### WORK REQUIRED
Look through the records below for the line holding "Restaurant Flyer Template Free". Write it out exactly, with each following line through the line holding "Vand motor perkins".
── DATA FOR ANALYSIS ──
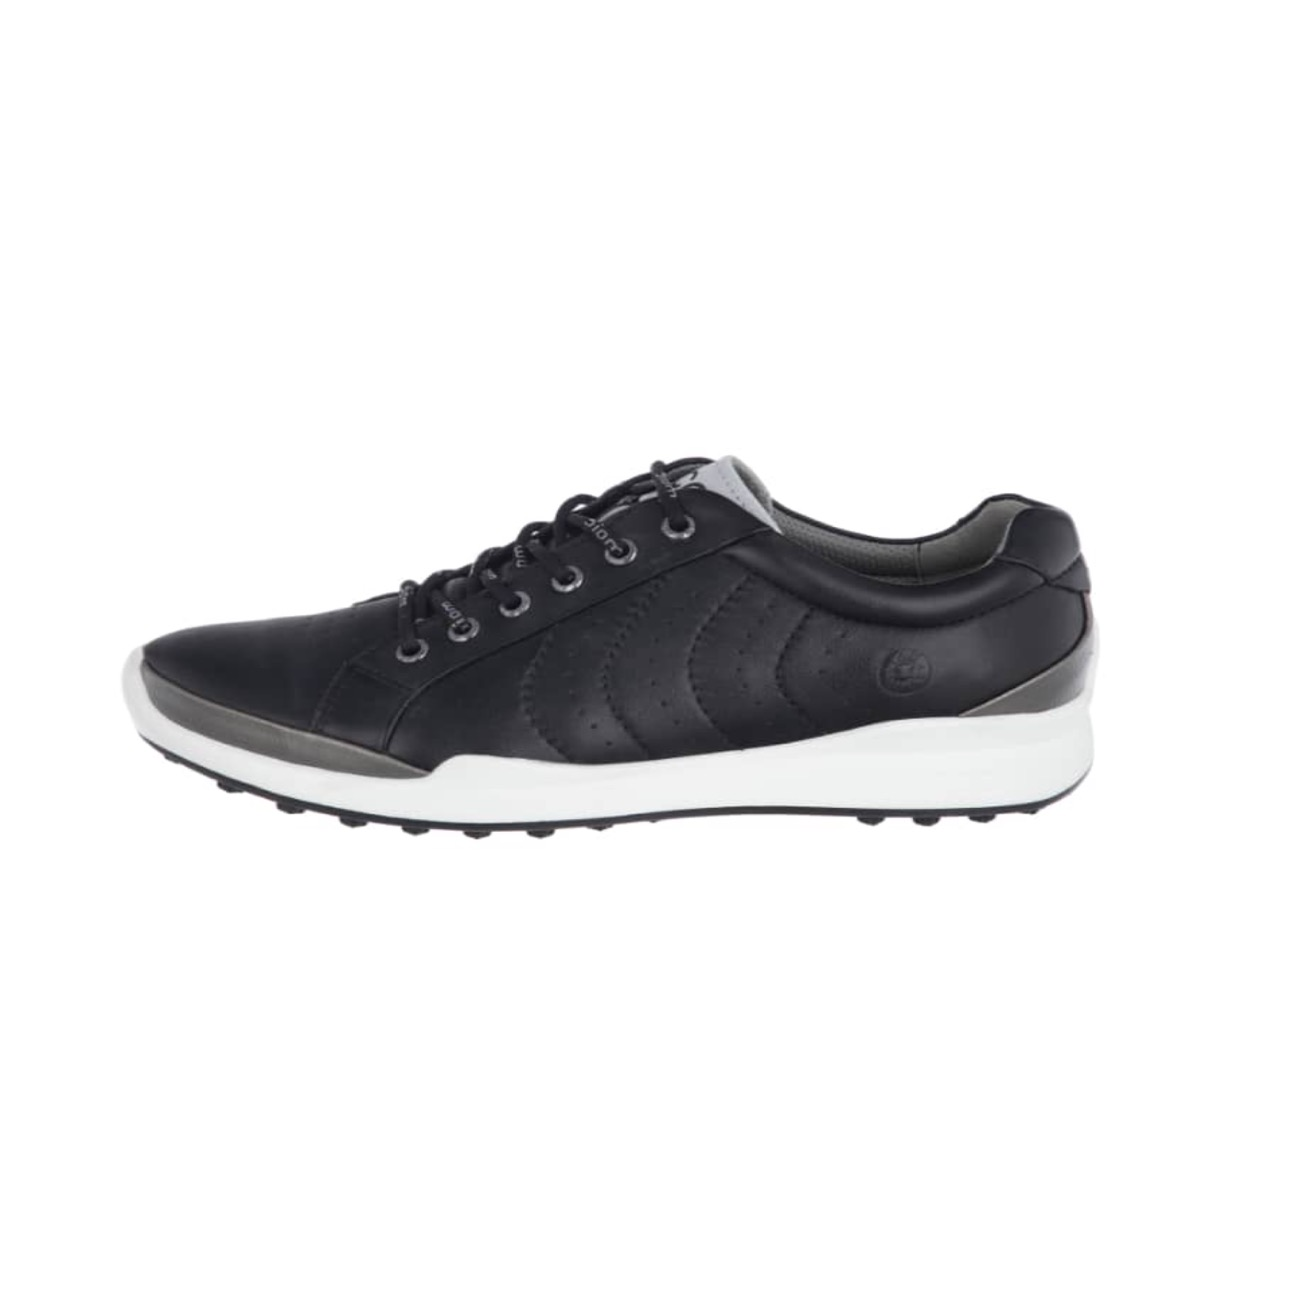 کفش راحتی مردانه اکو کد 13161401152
───
── DATA FOR ANALYSIS ──
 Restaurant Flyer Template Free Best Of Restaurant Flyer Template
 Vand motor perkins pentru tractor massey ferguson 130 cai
───
── DATA FOR ANALYSIS ──
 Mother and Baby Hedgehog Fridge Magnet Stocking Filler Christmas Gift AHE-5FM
───
### OUTPUT OF THE EXERCISE
 Restaurant Flyer Template Free Best Of Restaurant Flyer Template
 Vand motor perkins pentru tractor massey ferguson 130 cai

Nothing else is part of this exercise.